Jego wypowiedź zobrazowała skalę wyliczeń. Wedle ekipy astronomów zbadany wszechświat odpowiada rozmiarom wspomnianej wanny, a niezbadany to ilość słonej wody na świecie. Ciężko więc stwierdzić, że w oceanach nie ma ryb (w domyśle obcych cywilizacji) na podstawie tak znikomej ilości przebadanej „wody”.
W 2010 roku obchodzono 50. rocznicę istnienia SETI, czyli systemu poszukiwania sygnałów radiowych i wyłapywania ich spośród kosmicznego szumu. Celem tego projektu jest ewentualne nawiązanie połączenia radiowego z sygnałami niebędącymi dziełem człowieka. Pionierka poszukiwań Jill Tarter, wraz ze współpracownikami, wyobrażała sobie kosmos jako wielki stóg siana, w którym jest możliwe znalezienie przysłowiowej igły - sygnału radiowego, niezależnie od zmiennych czynników, takich jak czas trwania sygnału, częstotliwość, siłę i wrażliwość teleskopów na Ziemi.
Wyliczenia Jasona Wrigtha z pensylwańskiego uniwersytetu niejako aktualizują pracę Jill Tarter, dokładając czynniki, które mogłyby być zależne od strony nadającej – hipotetycznej obcej cywilizacji.

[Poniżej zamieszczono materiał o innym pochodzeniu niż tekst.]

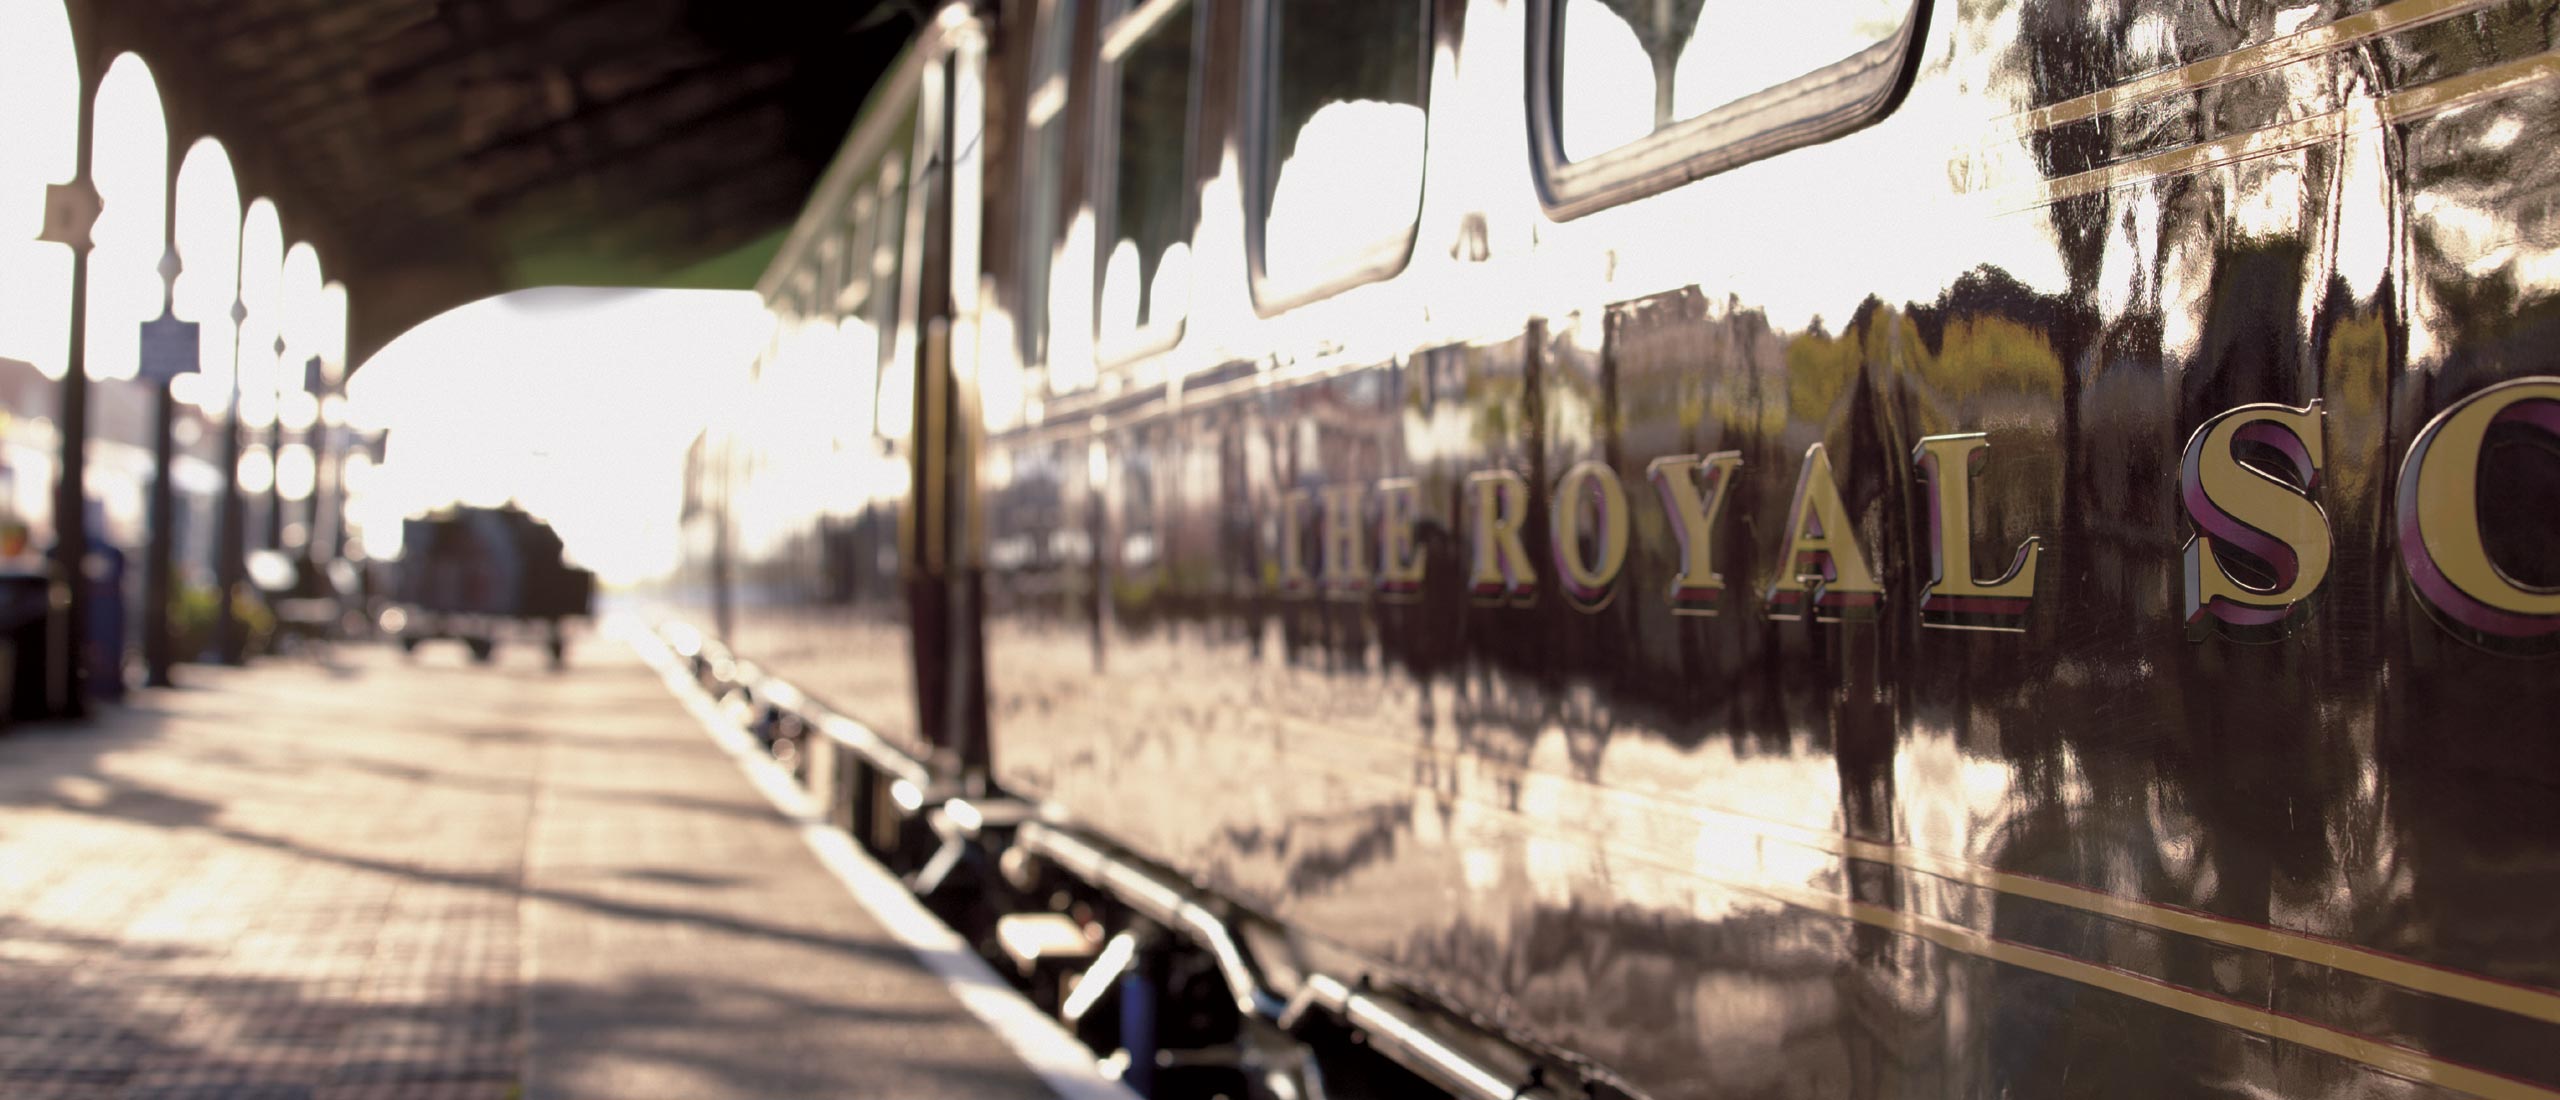 Belmond Royal Scotsman Luxury Train Reservations

Przeliczając dane pochodzące z bazy SETI, naukowcy doszli do wniosku, że obszar zbadany przez ów program odpowiadał 7700 litrom wody w zawierającym 1,33 miliardów bilionów litrów wody na świecie.
W końcu dotarliśmy do meritum sprawy - mamy szansę na znalezienie czegokolwiek, w zależności od tego ile [tak naprawdę] można znaleźć - skwitował odkrycie Jason Wright.
W Stanach Zjednoczonych istnieje wiele organizacji badających przypływające do nas sygnały z kosmosu. W 2015 roku teleskop w Zachodniej Wirginii odnotował bardzo silne rozbłyski sygnałów radiowych, z częstotliwością dochodzącą do 7 gigaherców. I choć towarzysząca temu ekscytacja jest naturalna, to źródłem takich fal wcale nie musi być pozaziemska cywilizacja. Najczęściej pochodzą one z czarnych dziur lub gwiazd neutronowych.
Warto dodać również, że w zeszłym roku Christopher Cinselice wraz z zespołem badawczym z Uniwersytetu Notthingham policzył galaktyki, które znajdują się w zbadanym przez ludzkość fragmencie Wszechświata. Według niego jest ich aż 2 biliony. A te dane, w połączeniu z liczbami Jasona Wrighta pokazują, jak niewyobrażalnie wielki jest kosmos i jak mało o nim wiemy.